An Intro to Shilla, Peru

I said I’d share about my Peru trip all along the way, and several months later I’m sitting down to do my first post. Sorry! Internet and free time were not plentiful. I have no excuse for once I got back to the states but better late then never?

There are so many memories and moments to share. First I wanted to talk about the site we worked in: Shilla, Peru.

Shilla was a 15 minute ride from our hotel in Carhuaz. It was way up in the mountains and every morning we got a stunning view of snow-capped Mt Huazcaran. Every single day we oooooh’ed and aaaahhh’ed over it on the drive there and several times throughout the work day.

Shilla is pretty remote and up in the mountains. Our work site, specifically, was too high up for the truck with our equipment. So we took it up on our shoulders from our host family’s home.

Our host family was made up of parents Celestino and Señora Norma plus their four sons.

Shilla is full of very hard-working “campesinos,” rural people who tend to their fields all day by hand–no tractors, power tools are to be found. A neighbor was using pre-made bricks and looked almost out of place with the modern materials.
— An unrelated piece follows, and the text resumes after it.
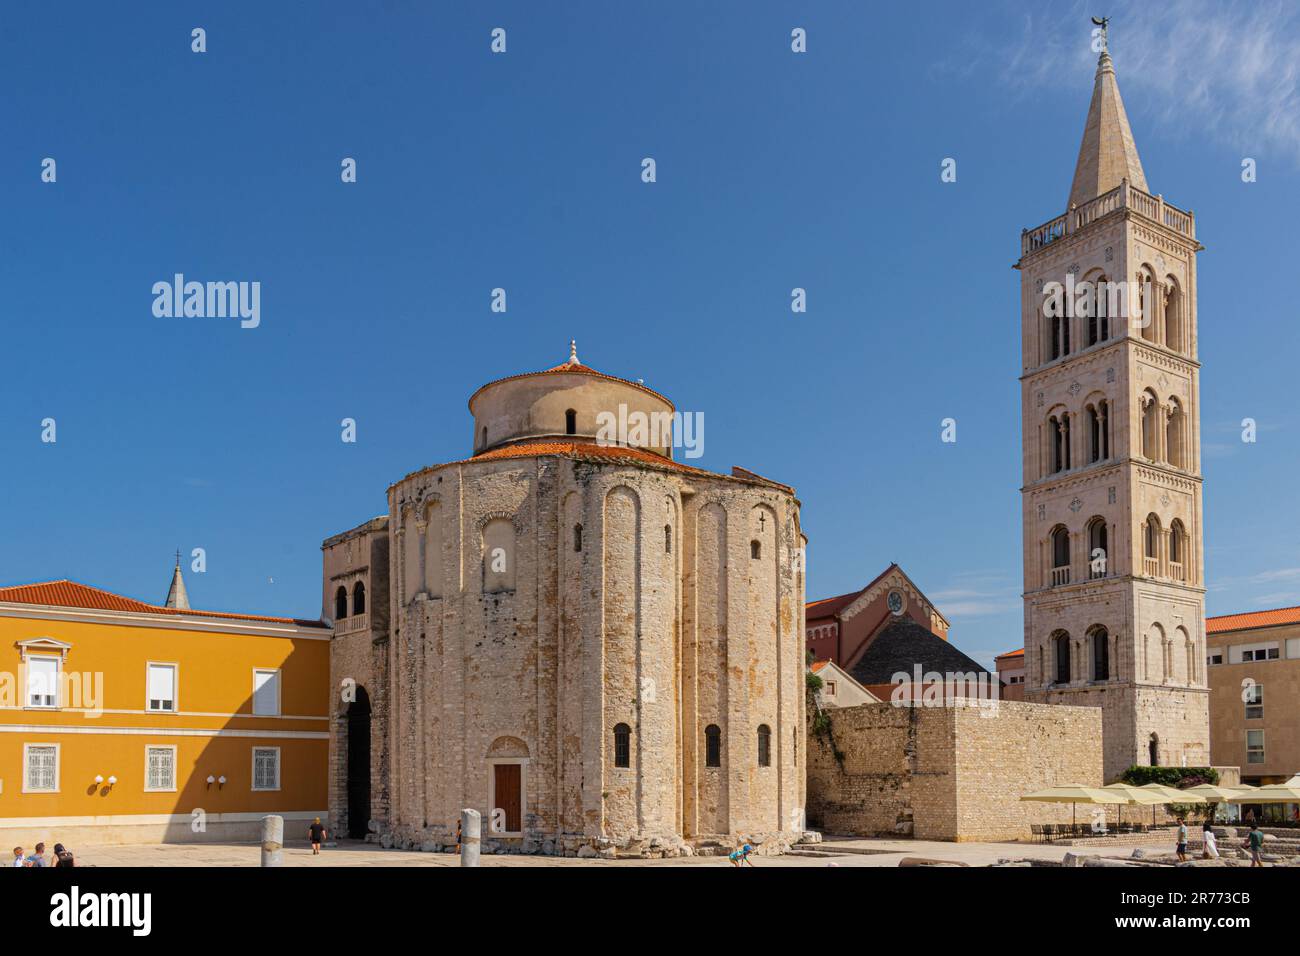 L'église de St Donatus et le clocher de la cathédrale de Zadar dans la ville de Zadar en Croatie Banque D'Images

Women wore traditional outfits with lots of layers–it reminded me of Colorado in that the high temperatures and low humidity made it cold at night and hot in the sun during the day. Only in Shilla the layers weren’t shed throughout the day. These women often were the ones in the campos (crop fields). Growing papas (potatoes), maize, cilantro, and quinoa. They worked until sundown and then had little light to travel by–making it difficult for the women to gather for the women’s organization at Sonja’s house.

In  Shilla everyone says hello. You make sure to say the time-appropriate greeting as you pass people on the road. The site had never hosted gringo volunteers before so I’m sure seeing us hauling bamboo bundles up the mountain with pathetic ‘omg this hurts, what is this incline?’ look on our faces was a pretty humorous sight for the locals.

Our host family brought us into their home with open hearts and showed us true humility, work ethic and compassion. As brief a time we spent with them, they made a lasting impression on all of us.